Stava infatti maturando a livello comunitario una tendenza restrittiva mirata ad escludere ogni differenza tra investimenti sui beni comuni, volti a migliorare l’accessibilità del porto (come i dragaggi, o le opere foranee) e quelli per infrastrutture business oriented: «I paesi nord-europei insistevano perché tutti i lavori di escavo fossero sottoposti ad autorizzazione preventiva in materia di Aiuti di Stato; noi eravamo chiaramente contrari, perché ciò avrebbe significato bloccare completamente i porti. La diversità di posizioni ha dato vita a un negoziato molto articolato, ma alla fine l’UE ha adottato appieno il nostro principio, adottando il Regolamento 1084 del 2017 e accettando che gli investimenti pubblici nei porti (entro la soglia dei 150 milioni di euro) venissero esonerati dall’obbligo di notifica preventiva».
Ecco due esempi calzanti di come andrebbero giocate le partite in Europa: «A livello comunitario non esistono verità tecniche assolute, ma battaglie politiche e negoziali da condurre e –possibilmente – vincere.

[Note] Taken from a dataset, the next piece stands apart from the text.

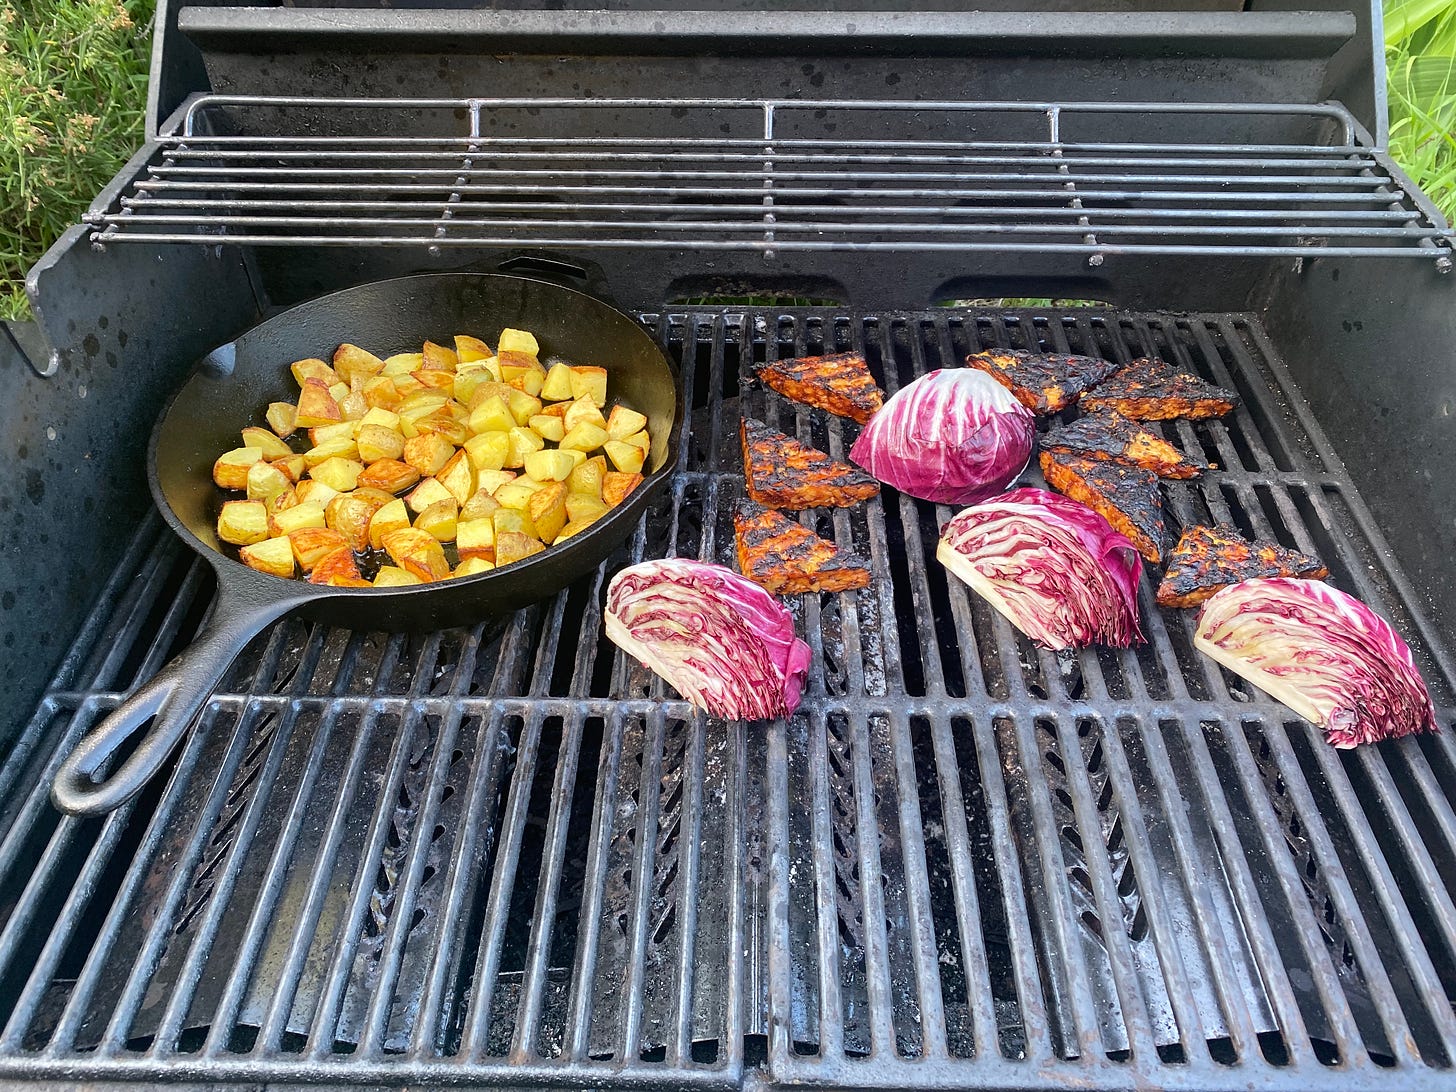 Various things on the grill: a cast iron pan of diced potatoes, triangles of blackened tempeh, and wedges of radicchio.

E ciò vale anche per la querelle sulla natura delle Autorità Portuali e sull’eventuale tassazione delle loro attività».
Ma la sensazione che filtra da Confetra è che sulle questioni logistiche il Governo sia poco interessato a spendersi in maniera risoluta, avendo invece quale obiettivo prioritario il negoziato sui conti pubblici e il dossier immigrazione.
Non solo. Per Russo il Ministero competente sembra aver rinunciato ad assumere le leve di comando che la riforma Delrio gli ha assegnato: «A due anni e mezzo dalla sua entrata in vigore, quella riforma rimane oggi ampiamente incompiuta. Non è mai stata veramente applicata».
L’ex consiliori di Delrio pensa alla Conferenza Nazionale dei Presidenti delle AdSP («che è stata convocata soltanto una volta da quando Toninelli è al MIT»), e pensa anche al Tavolo di Partenariato della Risorsa Mare («che a Roma e sui territori avrebbe dovuto riunire tutti gli stakeholder del cluster portuale nazionale, ma che è rimasto sostanzialmente lettera morta»), così come non sono stati fatti passi in avanti sullo Sportello Unico Doganale e dei Controlli e sul tema della semplificazione degli interventi di dragaggio o di redazione del Piano Regolatore di Sistema Portuale.
Anche sulla effettiva capacità di spesa da parte delle amministrazioni ci sarebbe molto da dire: «Il nostro problema non è quello delle reperibilità delle risorse economiche. I soldi li abbiamo, ma non sappiamo spenderli: oggi per completare un’opera con un valore superiore ai 100 milioni di euro ci vogliono 17 anni. Non è possibile»)
Russo rivolge un appello a chi oggi comanda: «L’Italia è un’unica grande banchina fatta di 15 sistemi portuali. Siamo un porto nazione, non dobbiamo dimenticarlo. Se smettiamo di fare squadra, di essere una squadra, saremo condannati all’irrilevanza».